The sister of late actor Brandon Lee has said “no-one should ever be killed by a gun on a film set”, after Alec Baldwin fired a prop gun on the set of a western, killing a cinematographer.
Lee, 28, the son of martial arts superstar Bruce Lee, was killed in 1993 after he was shot on the set of the film The Crow.
The gun was supposed to have fired a blank, but a post mortem examination found a .44-calibre bullet lodged near his spine.
An incident on the New Mexico set of Baldwin’s film Rust killed director of photography Halyna Hutchins, while director Joel Souza was also injured and taken to hospital.
A statement on Lee’s official Twitter account, which is run by Lee’s sister Shannon, said: “Our hearts go out to the family of Halyna Hutchins and to Joel Souza and all involved in the incident on ‘Rust.’
“No one should ever be killed by a gun on a film set. Period.”
Hutchins, 42, was airlifted to University of New Mexico Hospital, where she was pronounced dead by medical personnel, authorities said.
Souza, 48, was taken by ambulance to Christus St Vincent Regional Medical Centre, where he is undergoing treatment.
Photographs published by The Santa Fe New Mexican newspaper show an emotional Baldwin doubled over and apparently in tears outside the Santa Fe County Sheriff’s Office.
The incidents that killed Lee and Hutchins are part of a long history of tragedies on film sets.
In 1984, actor Jon-Erik Hexum died after shooting himself in the head with a prop gun blank while pretending to play Russian roulette with a .44 Magnum on the set of the television series Cover Up.

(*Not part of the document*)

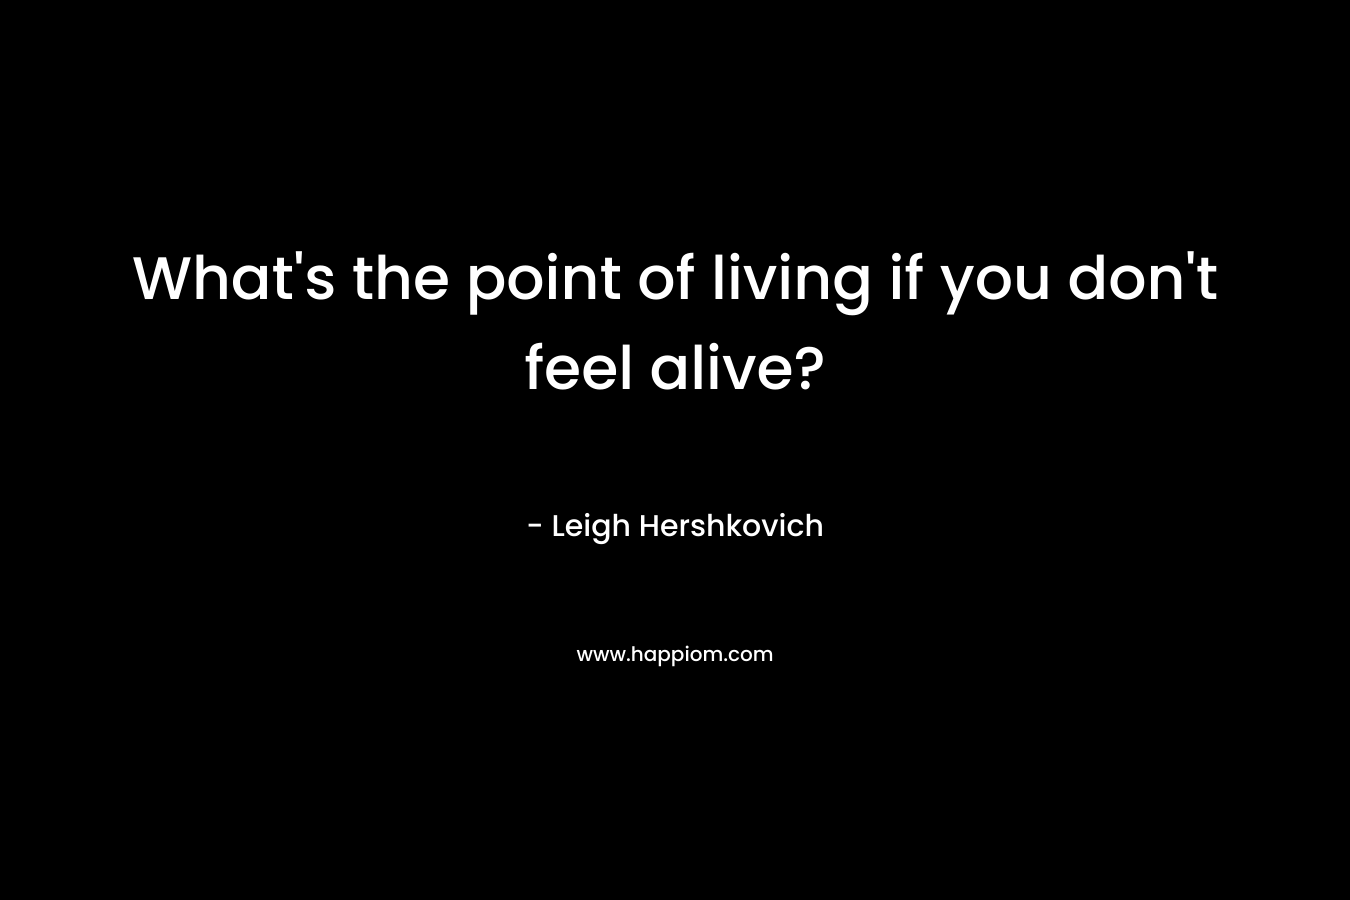 What’s the point of living if you don’t feel alive? – Leigh Hershkovich
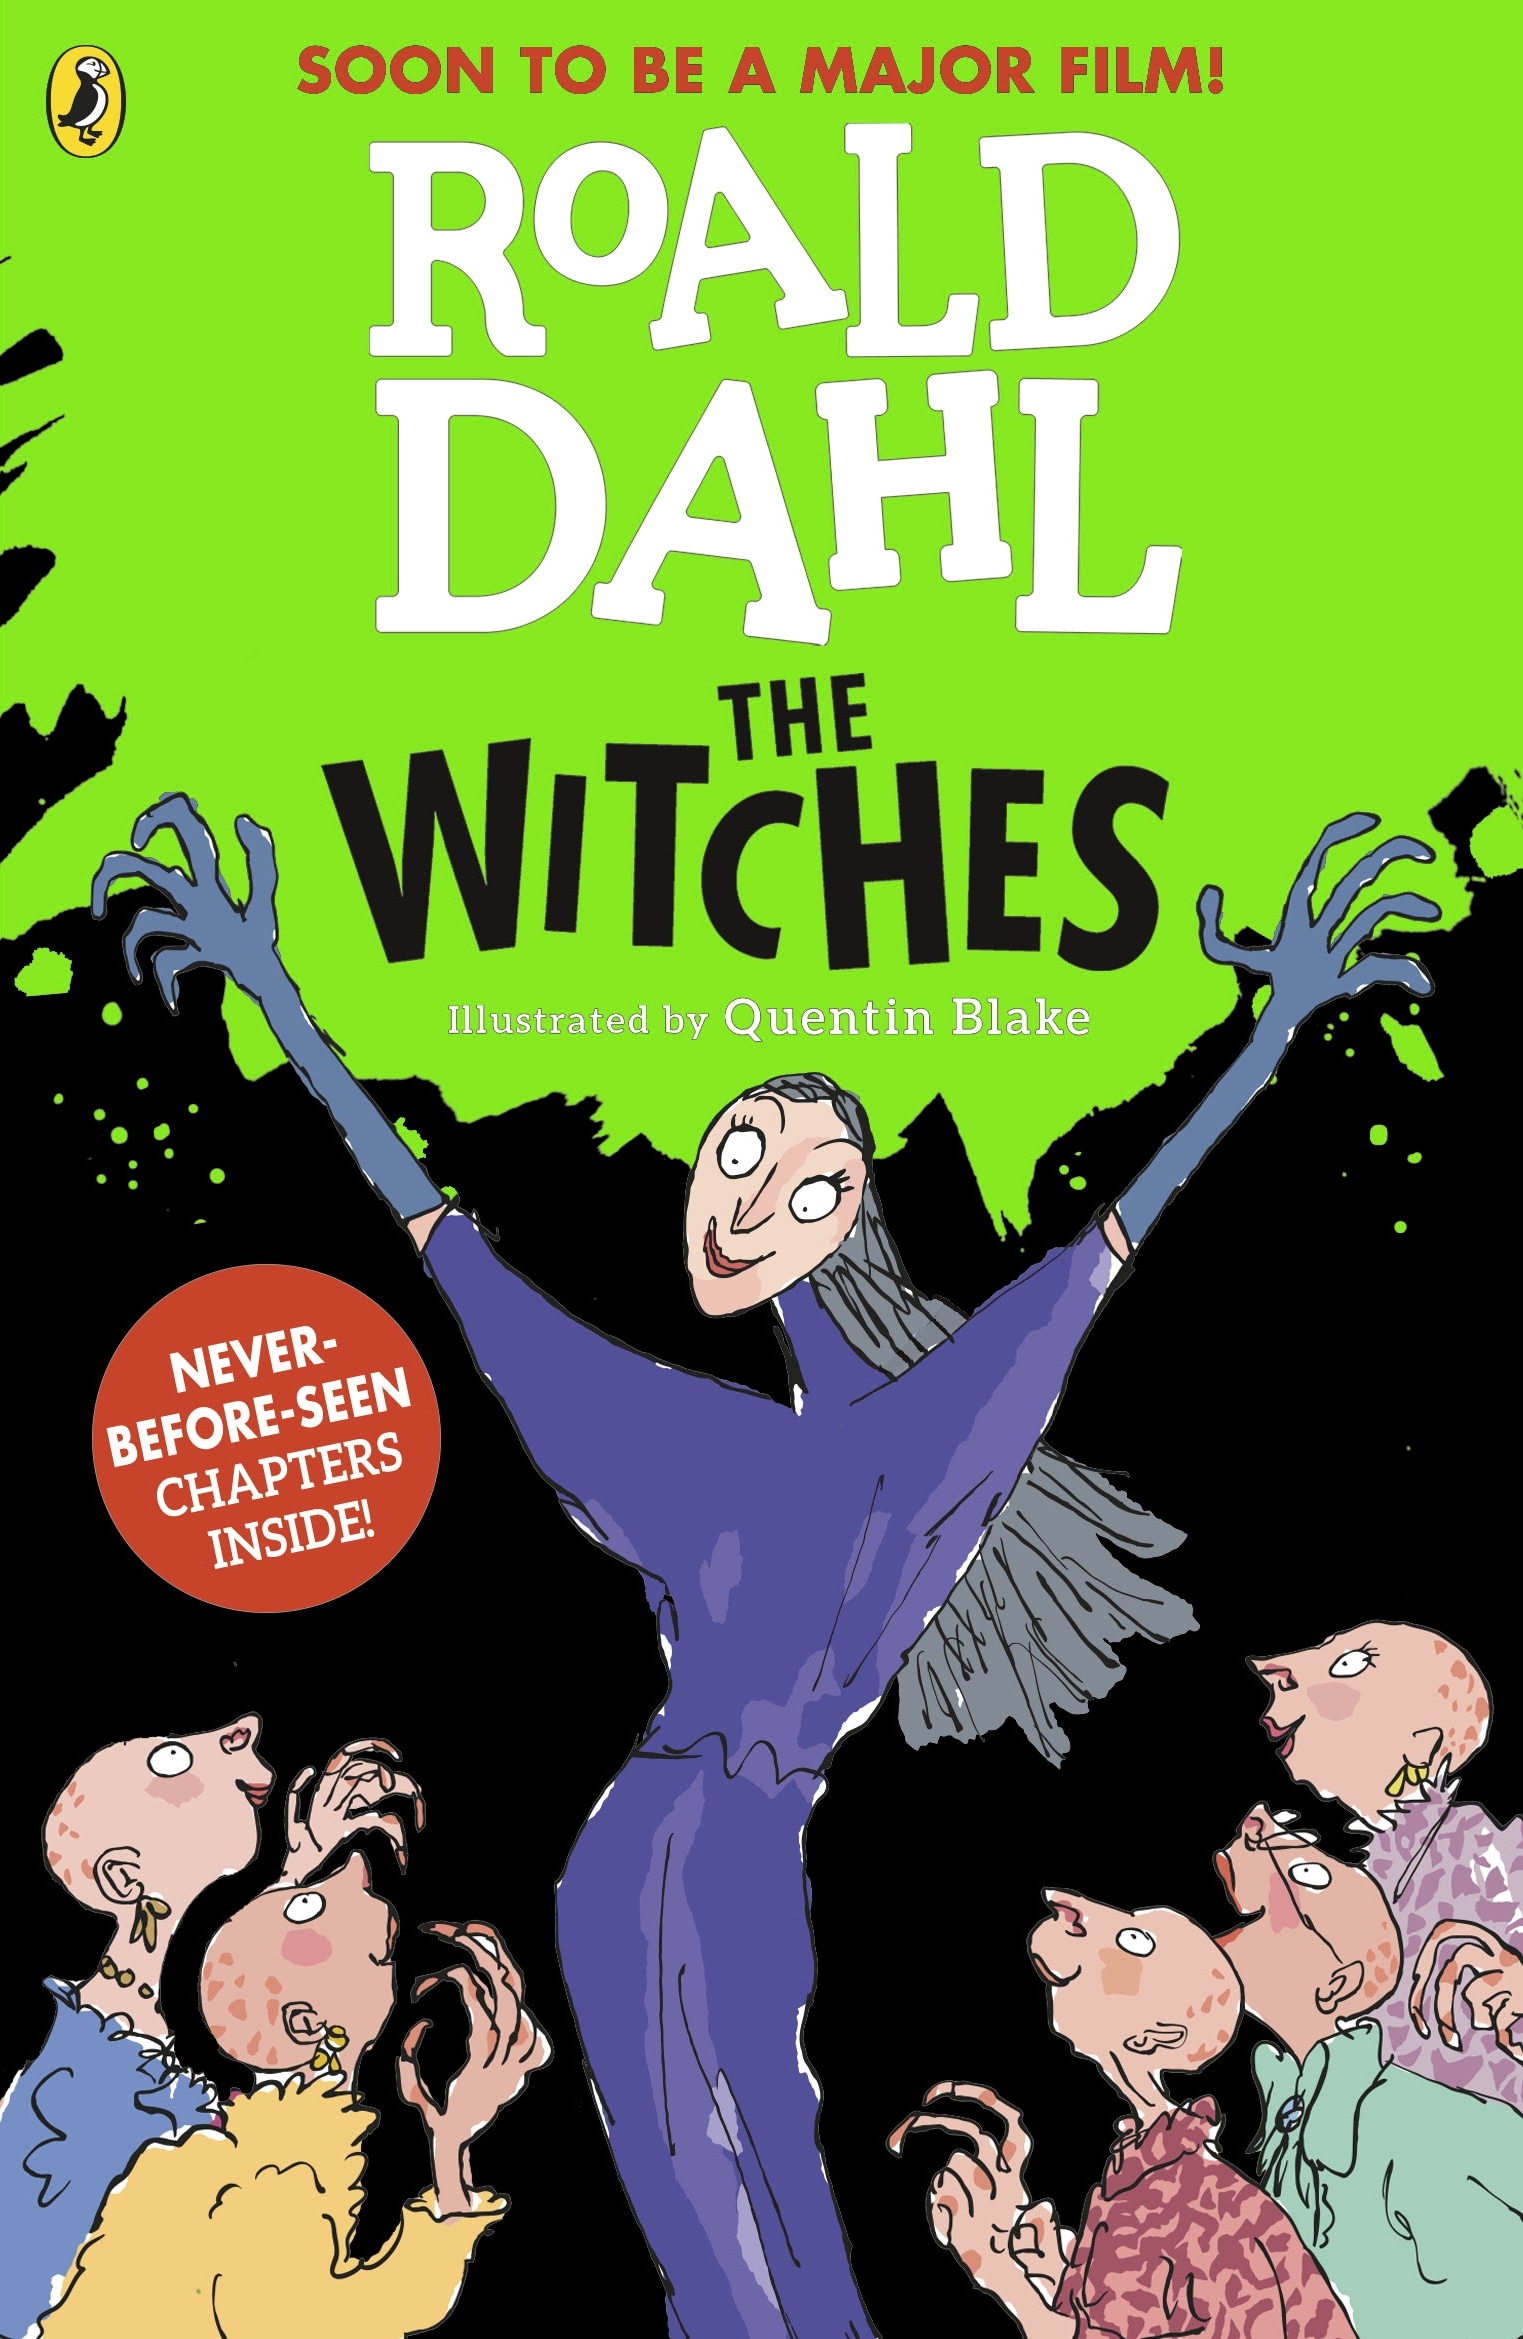 Book “The Witches” by Roald Dahl — February 11, 2016

During the filming of Twilight Zone: The Movie in 1982, a helicopter crash killed actor Vic Morrow and two children, Myca Dinh Le and Renee Shin-Yi Chen, while filming a scene involving explosions, which damaged the helicopter’s rotors.
In 2002 Vin Diesel’s stunt double on the action film xXx, Harry O’Connor, died while he was performing a paragliding stunt.
A stunt expert was also killed on the set of Batman film The Dark Knight.
Conway Wickliffe was leaning out the window of a car operating a camera when the car crashed into a tree.